We need to normalize our data given the difference between scales.
pima.norm <- decostand(pima[,-9], "normalize")
Next, we create the train and test samples, and another two objects containing the labels of the data.
pima.train <- pima.norm[1:427, ]
pima.test <- pima.norm[428:534, ]
pima.train.lab <- pima[1:427, 9]
pima.test.lab <- pima[428:534, 9]
This time we will use the class library to do so.
To choose the appropiate number of k, the most widely used method is to do the square root of the rows.
sqrt(nrow(pima))
## [1] 27.71281
pima.k23 <- knn(train = pima.train, test = pima.test, cl = pima.train.lab, k = 23, prob = TRUE)
Also we can check the extent of consens between voters inside the knn model.
pima.k23.prob <- attr(pima.k23, "prob")
head(pima.k23)
## [1] Positive Negative Positive Positive Negative Negative
## Levels: Negative Positive
head(pima.k23.prob)
## [1] 0.5652174 0.6521739 0.5652174 0.5217391 0.8260870 1.0000000
To do so, the best method is to do a confussion matrix
gmodels::CrossTable(x = pima.test.lab, y = pima.k23, prop.chisq = FALSE)
##
##
## Cell Contents
## |-------------------------|
## | N |
## | N / Row Total |
## | N / Col Total |
## | N / Table Total |
## |-------------------------|
##
##
## Total Observations in Table: 107
##
##
## | pima.k23
## pima.test.lab | Negative | Positive | Row Total |
## --------------|-----------|-----------|-----------|
## Negative | 67 | 16 | 83 |
## | 0.807 | 0.193 | 0.776 |
## | 0.870 | 0.533 | |
## | 0.626 | 0.150 | |
## --------------|-----------|-----------|-----------|
## Positive | 10 | 14 | 24 |
## | 0.417 | 0.583 | 0.224 |
## | 0.130 | 0.467 | |
## | 0.093 | 0.131 | |
## --------------|-----------|-----------|-----------|
## Column Total | 77 | 30 | 107 |
## | 0.720 | 0.280 | |
## --------------|-----------|-----------|-----------|
##
##
table(pima.k23, pima.test.lab)
## pima.test.lab
## pima.k23 Negative Positive
## Negative 67 10
## Positive 16 14
Also we can Compute the accuracy
mean(pima.k23 == pima.test.lab)
## [1] 0.7570093
We have created a test with a 75% of accuracy. This may be a good or a bad indicator depending of the cost-performance calculation. In conclusion:
False negatives: 10 (the most dangerous in most cases), a 9%. False positives: 16 (in this case would represent a burden to the health care system), a 15%.

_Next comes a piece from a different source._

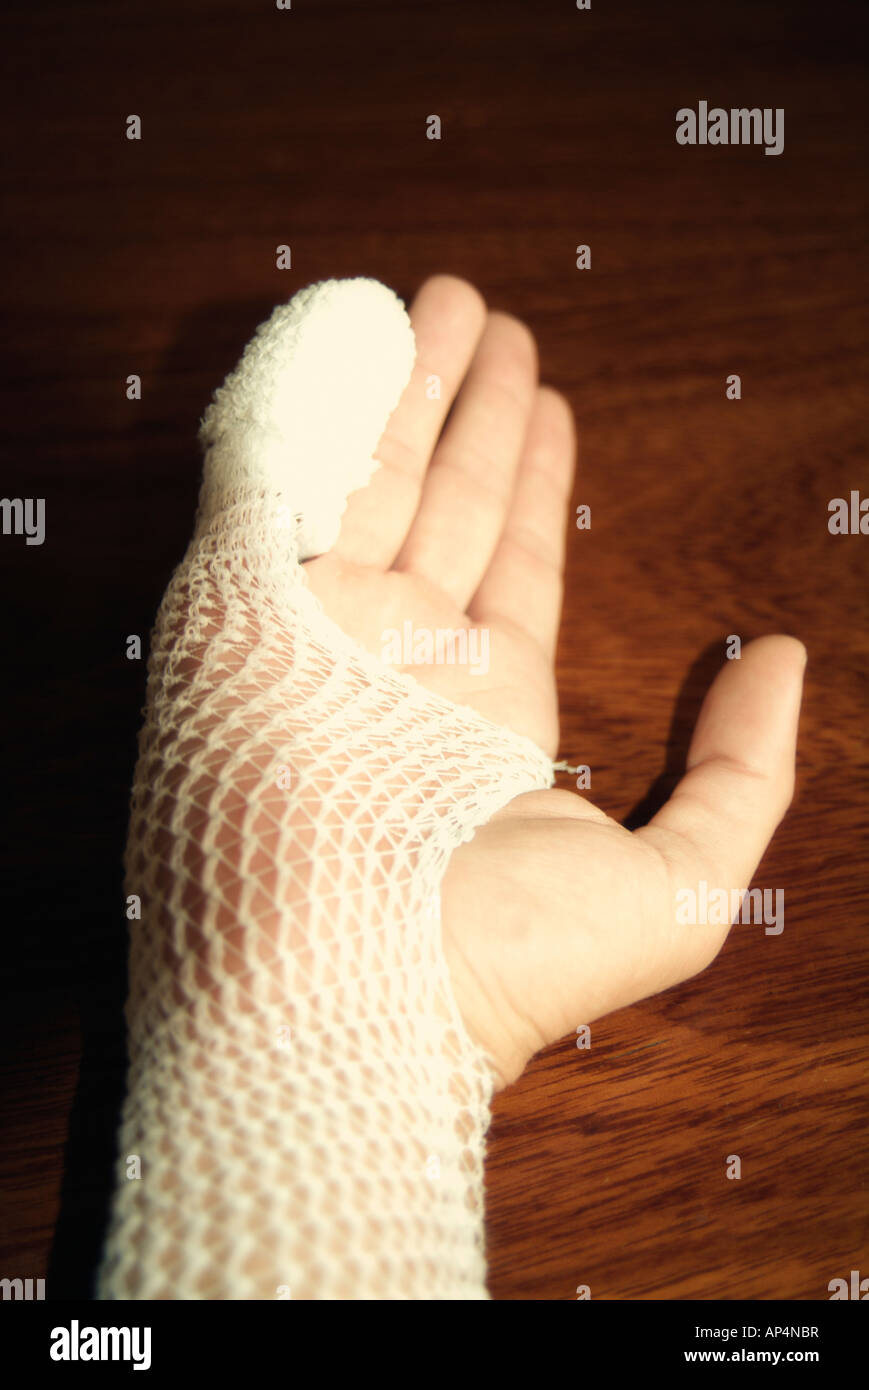 Wounded hand bandaged Stock Photo

Let’s see whether z-score standardization can improve our predictive accuracy. This kind of normalization preserves the original range between values, so is a better option in most cases. Scores over 3 or below -3 represents a very rare value.

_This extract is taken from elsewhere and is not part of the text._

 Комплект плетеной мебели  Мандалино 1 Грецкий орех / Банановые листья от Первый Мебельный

pima.z <- as.data.frame(scale(pima[,-9]))
pima.z.train <- pima.z[1:427, ]
pima.z.test <- pima.z[428:534, ]
pima.z.k23 <- knn(train = pima.z.train, test = pima.z.test, cl = pima.train.lab, k = 23)

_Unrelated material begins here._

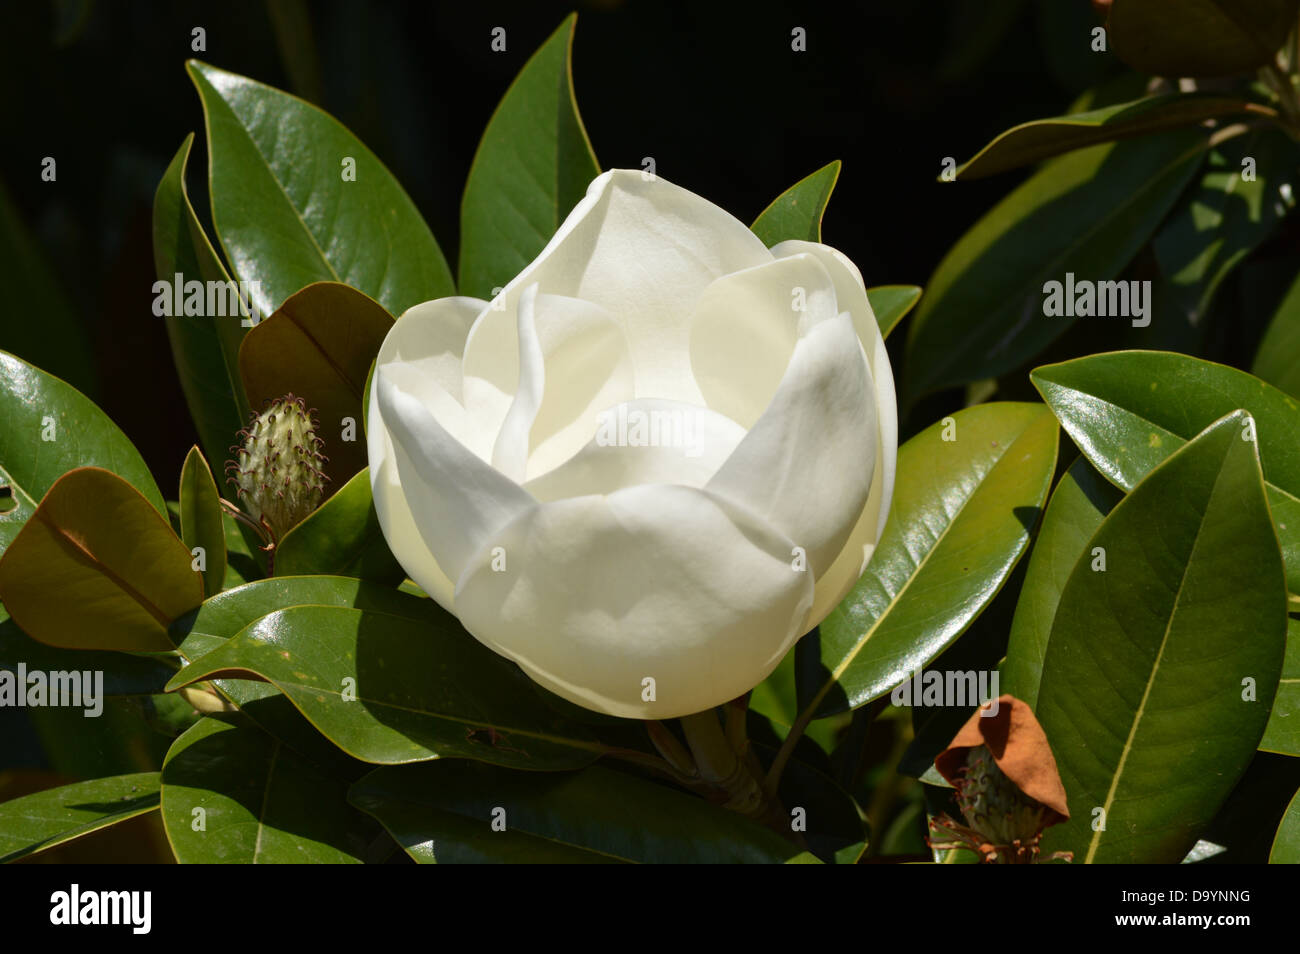 Magnolia, Flower, White Flower, Bull Bay, Nature, Natural Stock Photo

gmodels::CrossTable(x = pima.test.lab, y = pima.z.k23, prop.chisq = FALSE)
##
##
## Cell Contents
## |-------------------------|
## | N |
## | N / Row Total |
## | N / Col Total |
## | N / Table Total |
## |-------------------------|
##
##
## Total Observations in Table: 107
##
##
## | pima.z.k23
## pima.test.lab | Negative | Positive | Row Total |
## --------------|-----------|-----------|-----------|
## Negative | 75 | 8 | 83 |
## | 0.904 | 0.096 | 0.776 |
## | 0.852 | 0.421 | |
## | 0.701 | 0.075 | |
## --------------|-----------|-----------|-----------|
## Positive | 13 | 11 | 24 |
## | 0.542 | 0.458 | 0.224 |
## | 0.148 | 0.579 | |
## | 0.121 | 0.103 | |
## --------------|-----------|-----------|-----------|
## Column Total | 88 | 19 | 107 |
## | 0.822 | 0.178 | |
## --------------|-----------|-----------|-----------|
##
##
table(pima.z.k23, pima.test.lab)
## pima.test.lab
## pima.z.k23 Negative Positive
## Negative 75 13
## Positive 8 11
mean(pima.z.k23 == pima.test.lab)
## [1] 0.8037383
Interestingly enough, the rate of false positives has increased while the rate of false negatives and the global accuracy has improved. Giving the fact in the health care system the false positives are considerably more problematic than false negatives, we will choose to use a model with normalized punctuation rather than z-scores.